> [Work item]: Repeat the lines from the one containing "SÃO PAULO, BRASIL" through the end of the listing exactly, both ends included. Do not carry over any pictures.

> [Material provided]:
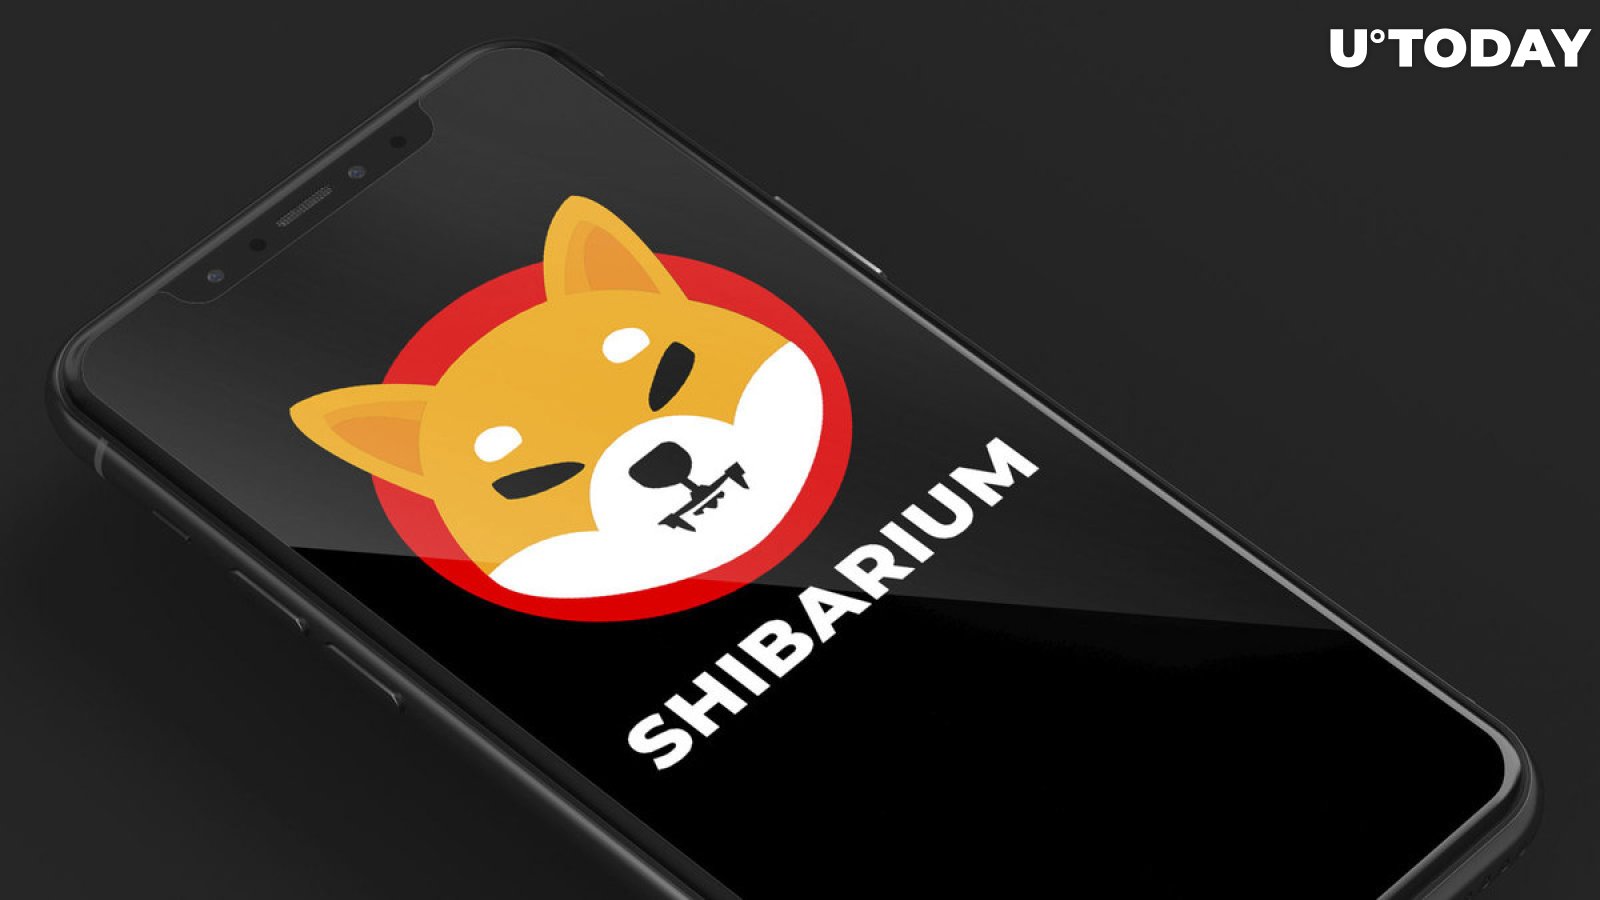 Shiba Inu's Shibarium Best Timing Hinted by Shiba Ecosystem Official
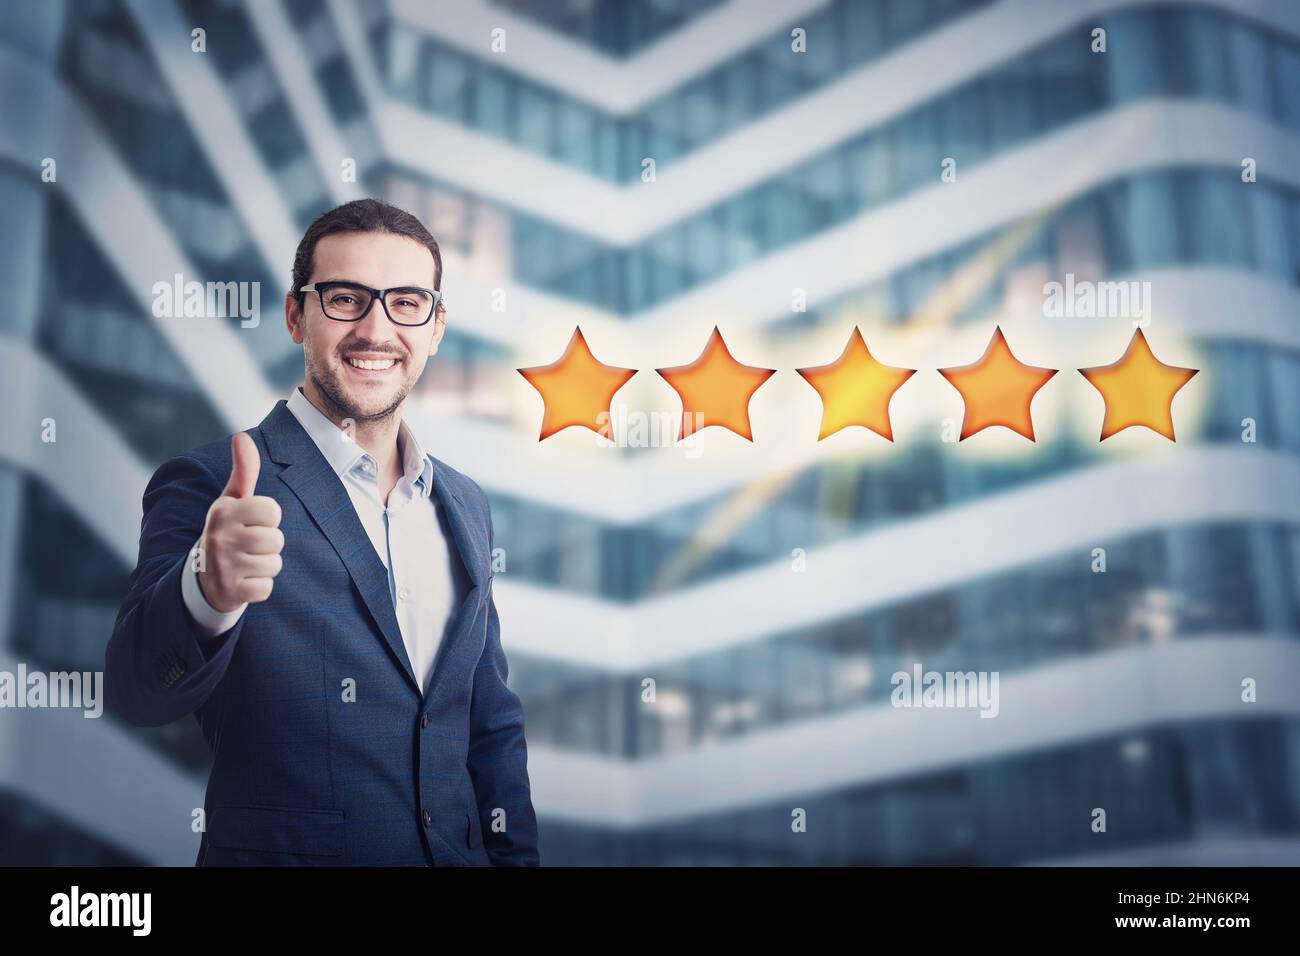 Cheerful businessman shows thumb up gesture, approvement sign, giving 5 stars rating feedback. Business person evaluating an experience, excellent cus Stock Photo
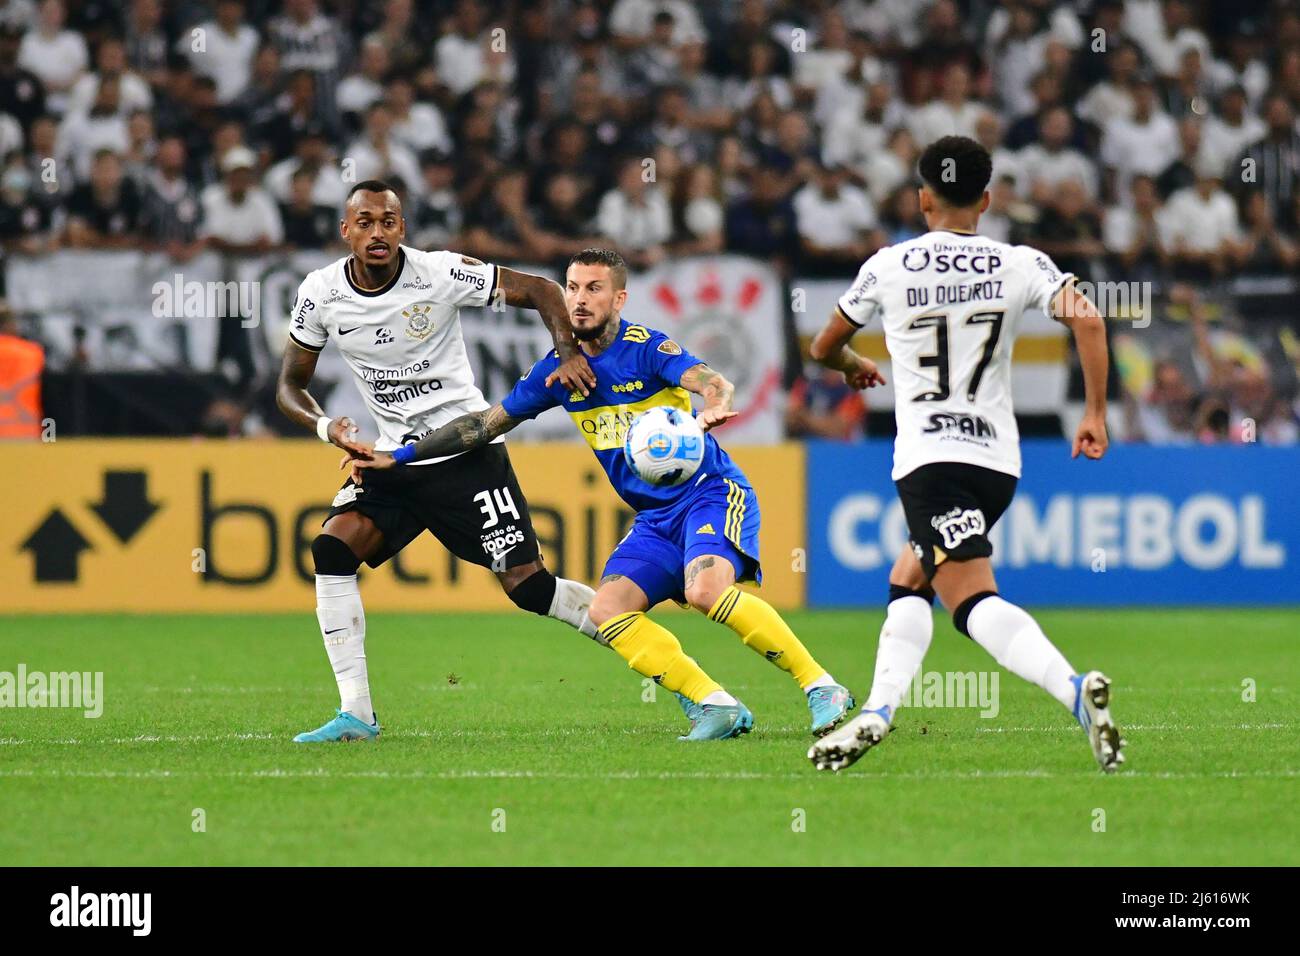 SÃO PAULO, BRASIL - APRIL 26: Raul of S.C. Corinthians battles for possession with Darío Benedetto of Boca Juniors during Copa CONMEBOL Libertadores match between S.C. Corinthians and Boca Juniors at Arena Corinthians on April 26, 2022 in São Paulo, Brazil. (Photo by Leandro Bernardes/PxImages) Credit: Px Images/Alamy Live News Stock Photo
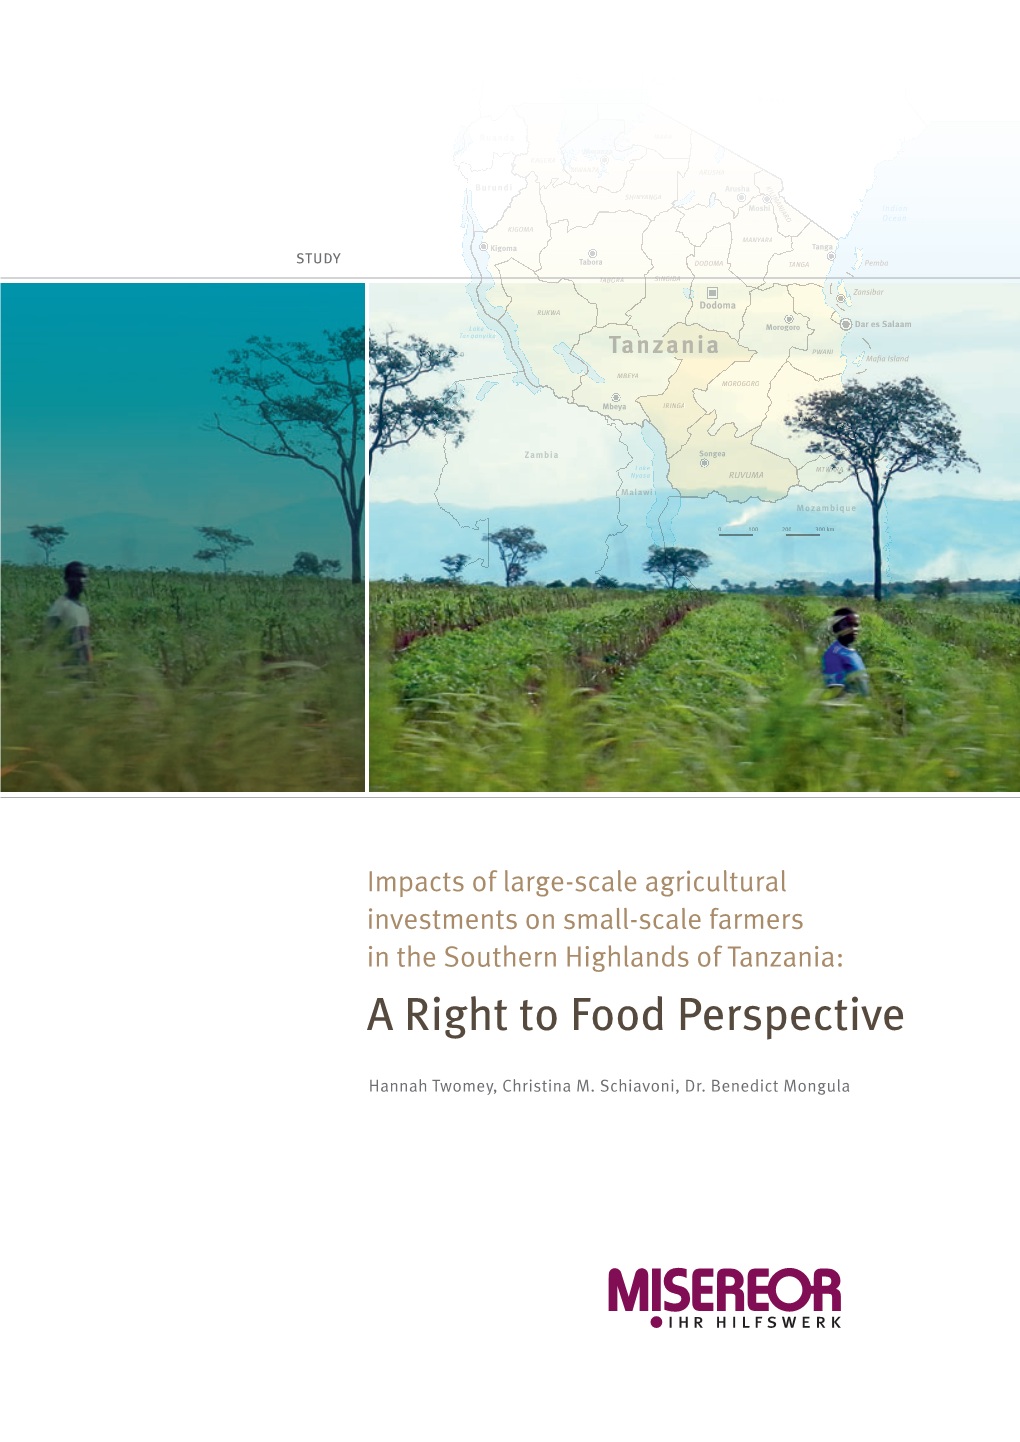 Impacts of Large-Scale Agricultural Investments on Small-Scale Farmers in the Southern Highlands of Tanzania: a Right to Food Perspective

> [Answer section]:
 SÃO PAULO, BRASIL - APRIL 26: Raul of S.C. Corinthians battles for possession with Darío Benedetto of Boca Juniors during Copa CONMEBOL Libertadores match between S.C. Corinthians and Boca Juniors at Arena Corinthians on April 26, 2022 in São Paulo, Brazil. (Photo by Leandro Bernardes/PxImages) Credit: Px Images/Alamy Live News Stock Photo
 Impacts of Large-Scale Agricultural Investments on Small-Scale Farmers in the Southern Highlands of Tanzania: a Right to Food Perspective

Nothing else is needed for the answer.